In the moment he was airborne, surprise gave way to terror as he saw a jagged black chasm yawning beneath him where only snow had been before. Freezing water lapped hungrily at the serrated edges of the broken ice, and welcomed Reza with a frigid embrace that stole the scream from his lips as he plunged into the river.
* * *
The sound hit her like a shot from a rifle, echoing through the air and reverberating through the ground at her feet.
“What is that?” she whispered, peering in the direction from which she had heard Reza’s voice.
She could see nothing. Her ears, however, had no difficulty in picking out sounds she recognized instantly: a magthep’s terrified squeals mixed with the sound of splashing water.
The river! she realized. We have been traveling along the river. And Reza and Goliath must have fallen through…

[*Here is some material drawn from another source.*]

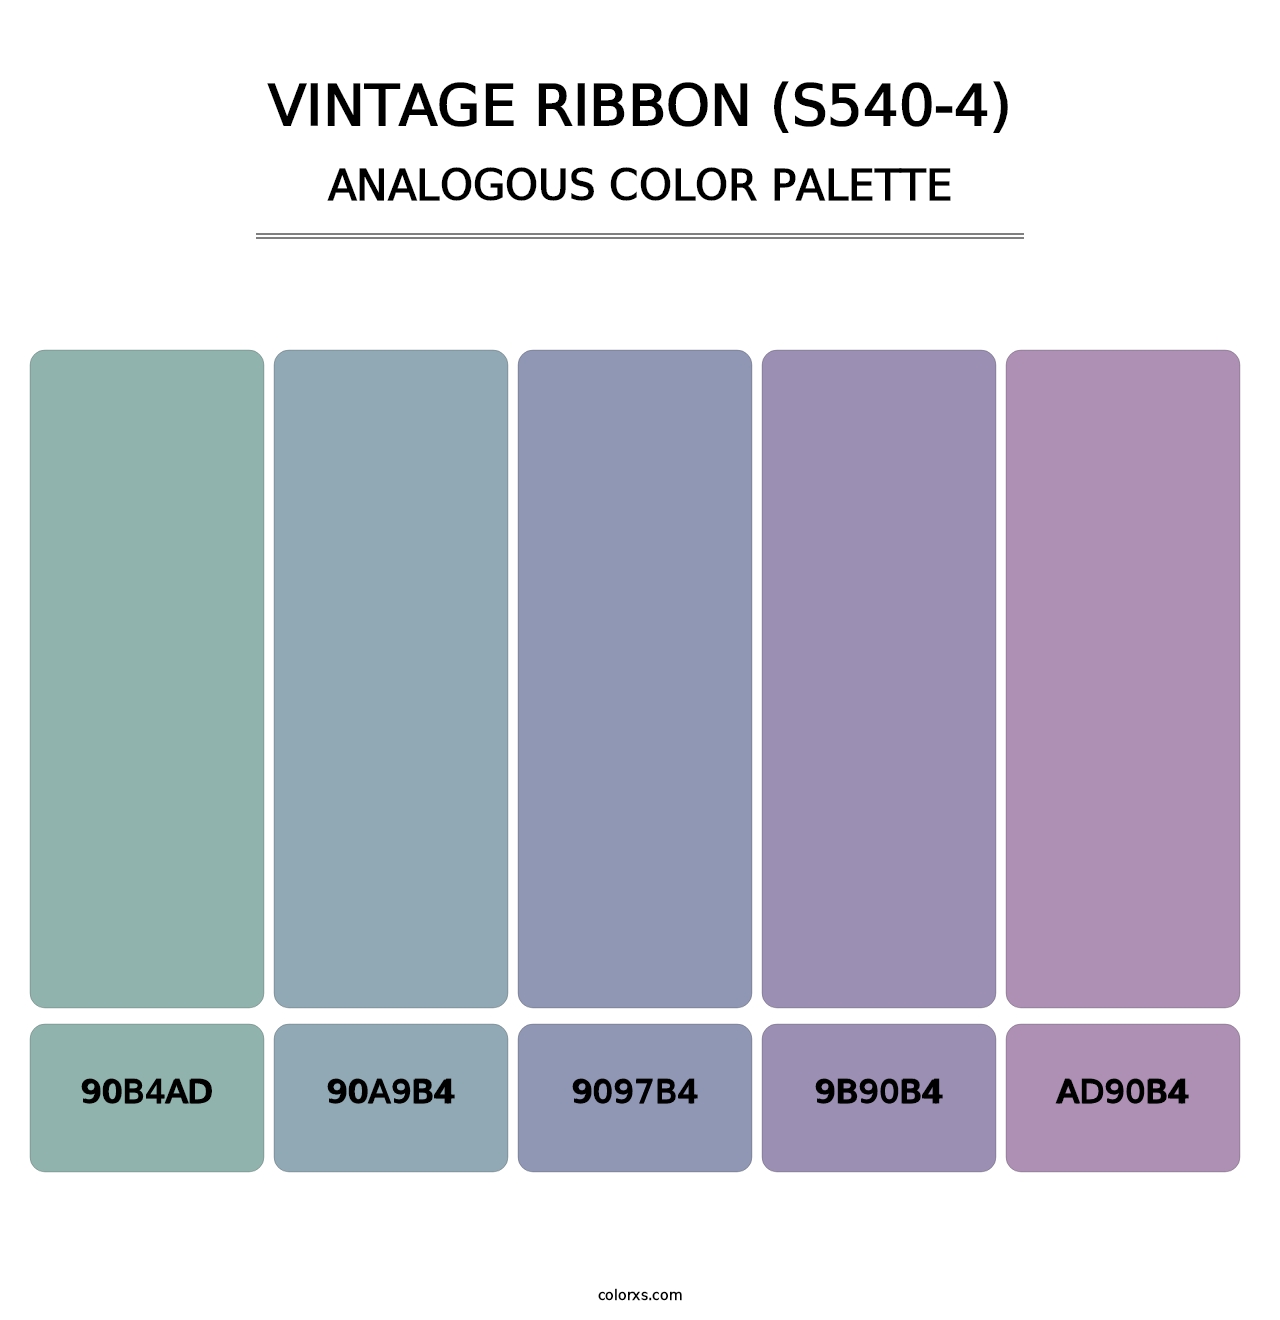 Vintage Ribbon (S540-4) - Analogous Color Palette

“No!” she cried, kicking her magthep in the ribs and sending the beast racing as fast as she could toward the frenzied thrashings. “Reza, hang on!” she shouted into the wind. “Hang on!”
Suddenly, as if someone had whipped a curtain aside, Esah-Zhurah found herself plunging toward the gaping black fissure in the ice where Goliath had broken through. The great magthep was now pawing and kicking desperately at the edge, his tiny forearms grappling pitifully at the icy wall that rose nearly a meter above him.